Predator is seeking in the medium term to apply CO2 EOR techniques onshore Trinidad which have the advantage of sequestrating anthropogenic carbon dioxide. The acquisition of T-Rex Resources (Trinidad) Ltd. ("T-Rex") is a first step to realising this objective. T-Rex holds the Cory Moruga Production Licence. Cory Moruga is a largely undeveloped near-virgin oil field of similar potential size to the nearby Moruga West and Inniss-Trinity mature oil fields. The Cory Moruga Production Licence is a potentially significant asset for the Company with the capability of generating positive operating profits in the near-term. Capital required for staged field development can be implemented potentially utilising operating profits generated from an increasing level of gross production revenues.

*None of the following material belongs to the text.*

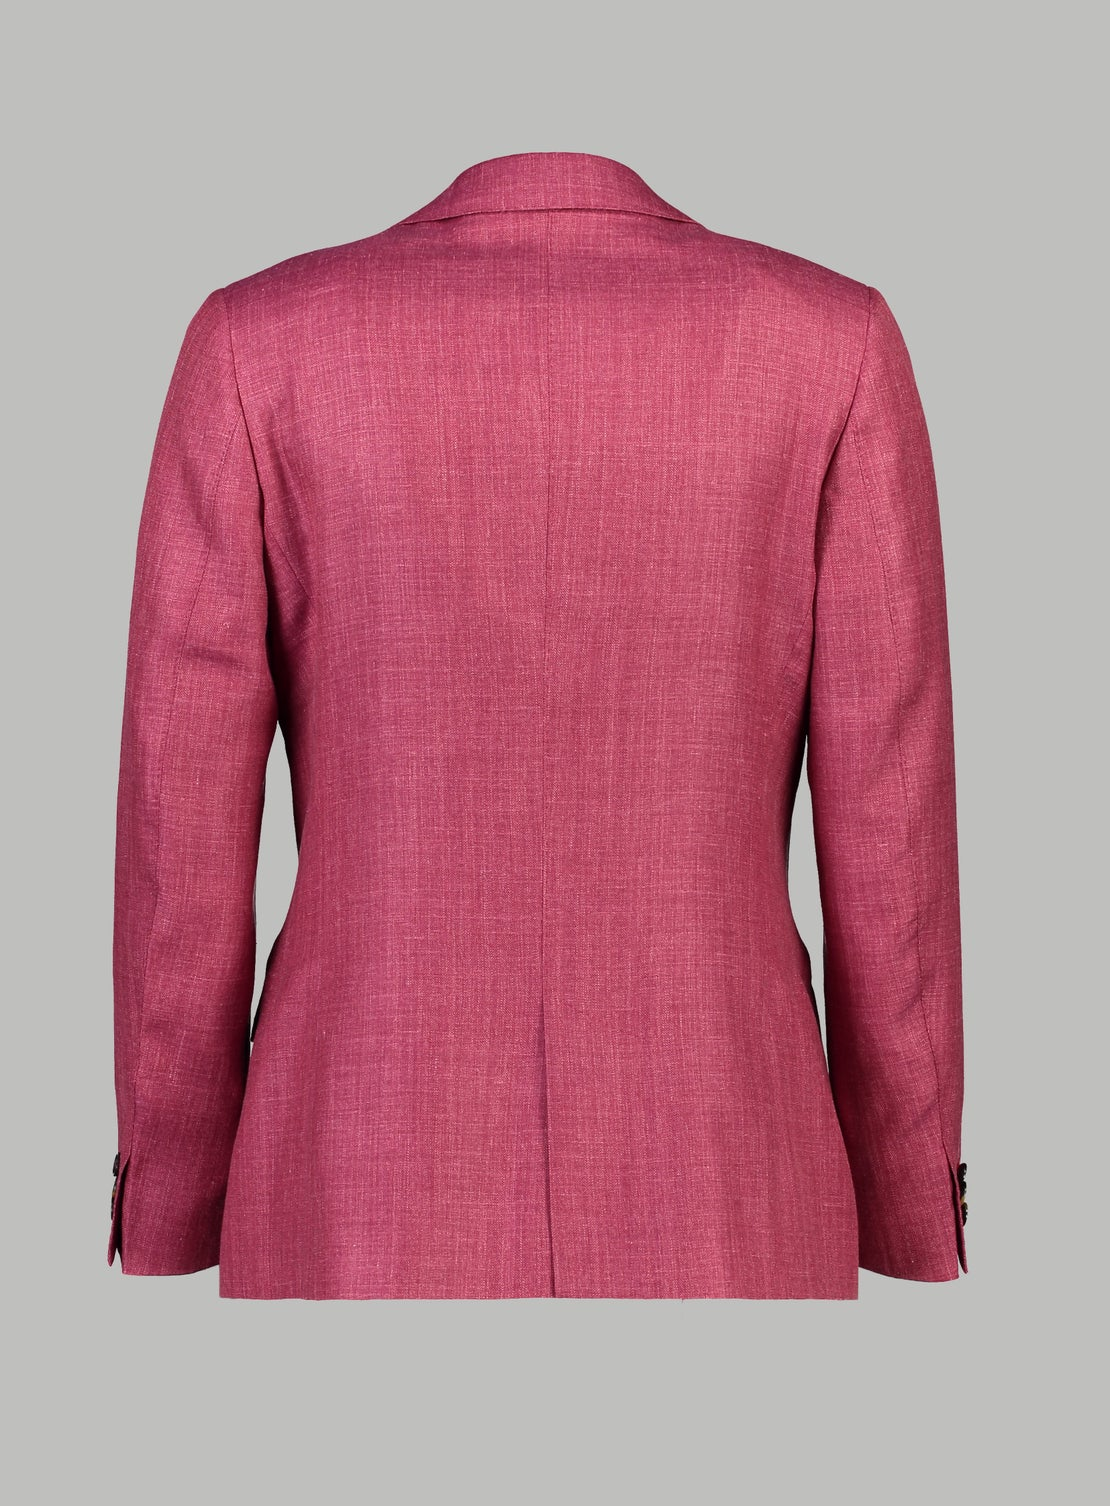 Fuscia Luxe Jacket

Predator owns and operates exploration and appraisal assets in licensing options offshore Ireland, for which successor authorisations have been applied for, adjoining Vermilion's Corrib gas field in the Slyne Basin on the Atlantic Margin and east of the decommissioned Kinsale gas field in the Celtic Sea. The applications for successor authorisations remain "under consideration" by the DECC.
Predator has developed a Floating Storage and Regasification Project ("FSRUP") for the import of LNG and its regassification for Ireland and is also developing gas storage concepts to address security of gas supply and volatility in gas prices during times of peak gas demand.
Further progress for the Mag Mell FSRUP will be dependent on government policy in relation to security of energy supply. A generalised FSRUP concept has now been recognised by the government as an option for security of energy supply.
The Company has a small but highly experienced management team with a proven track record in successfully executing drilling operations in the oil and gas sector and in acquiring assets where there is a potential to generate multiple returns for relatively low and manageable levels of investment.